For those like me who didn't know ZYX, this is pretty basic publishing. You have to imagine Arnold Skemer in his Bayside New York kitchen, stapling the pages together, and some pages too! Editorial apart, this is a cut and paste job, so it is up to the reader to find his way about but in the long run it's worth making the effort not to be put off by appearances.

Albany poet Alan Catlin has 18 poems, squashed into 2 pages, most on a musical theme, ranging from reflections on Glenn Gould to Casals and Clara Schumann and Satie. These are a bit hard to read (dashes and hyphens not differentiated which makes for "winter wheat-Christmas trees") but I liked the beginning of SENTINELS:

	The unnaturally-colored
	cats watching
	from the tarred roof

	are escapees from an
	American primitive
	gone seriously wrong...
and the end of MAHLER TEN:
	...the beaten drums
	are what
	the heart does
	when
	there is a 
	cessation
	of breath-at the end
	there
	are only notes
	left behind-we assume
	the rest.
Though I am not sure what the poet achieves by such very short lines. I can't help feeling that this one (and several others) would be far easier to read, and therefore be understood better and really felt as poetry, if the lines were longer and the punctuation clearer.

This is a powerful reflection on our relationship with music which must come across perfectly well when read aloud, not so well when seen cut up into bite-size pieces... but then that's just my opinion...

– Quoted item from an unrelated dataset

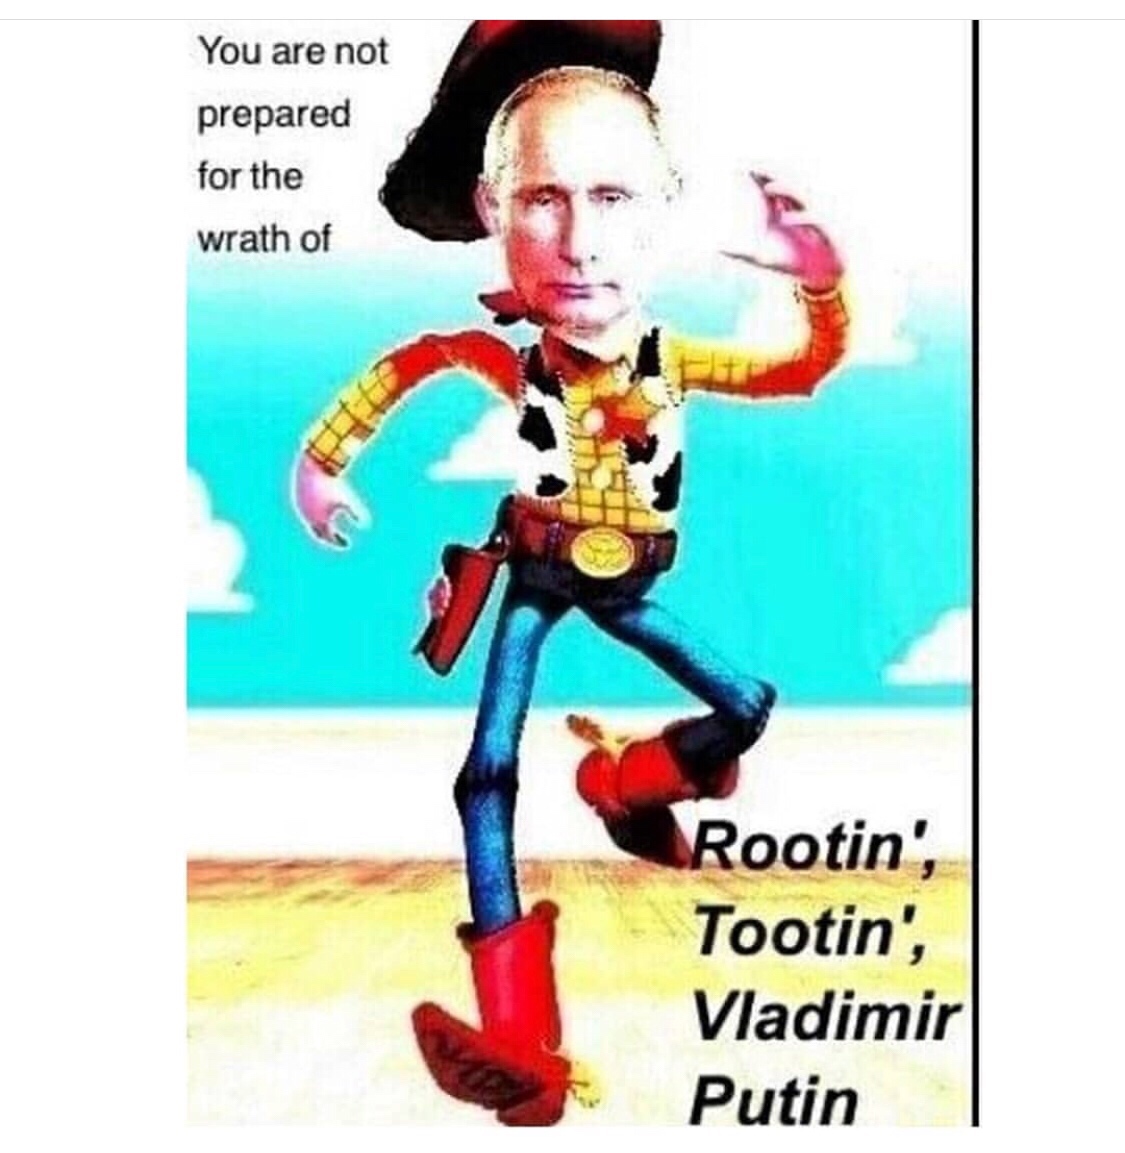 pics and memes - rootin tootin vladimir putin - You are not prepared for the wrath of Rootin', Tootin', Vladimir Putin

There is a page of contributions too from dancer-poet Nathan Whiting including DANCING WITH 200 POUNDS OF CLAY about the poet's experience of Noh dancing:

	breath light gallery rays
	lifted flowers, feet on cold,
	deftly arranged, woven ritual...
Other contributions are by Guy Beining, poetry for four voices, Craig Hill, Luis Cuauhtemoc Berriozabal:
	On your shoulder a sad bird's song

	fills your left ear, then the right...
B Z Niditch and thought-provoking Robert Michael O'Hearn. I liked his GOD, UNTITLED AS YET.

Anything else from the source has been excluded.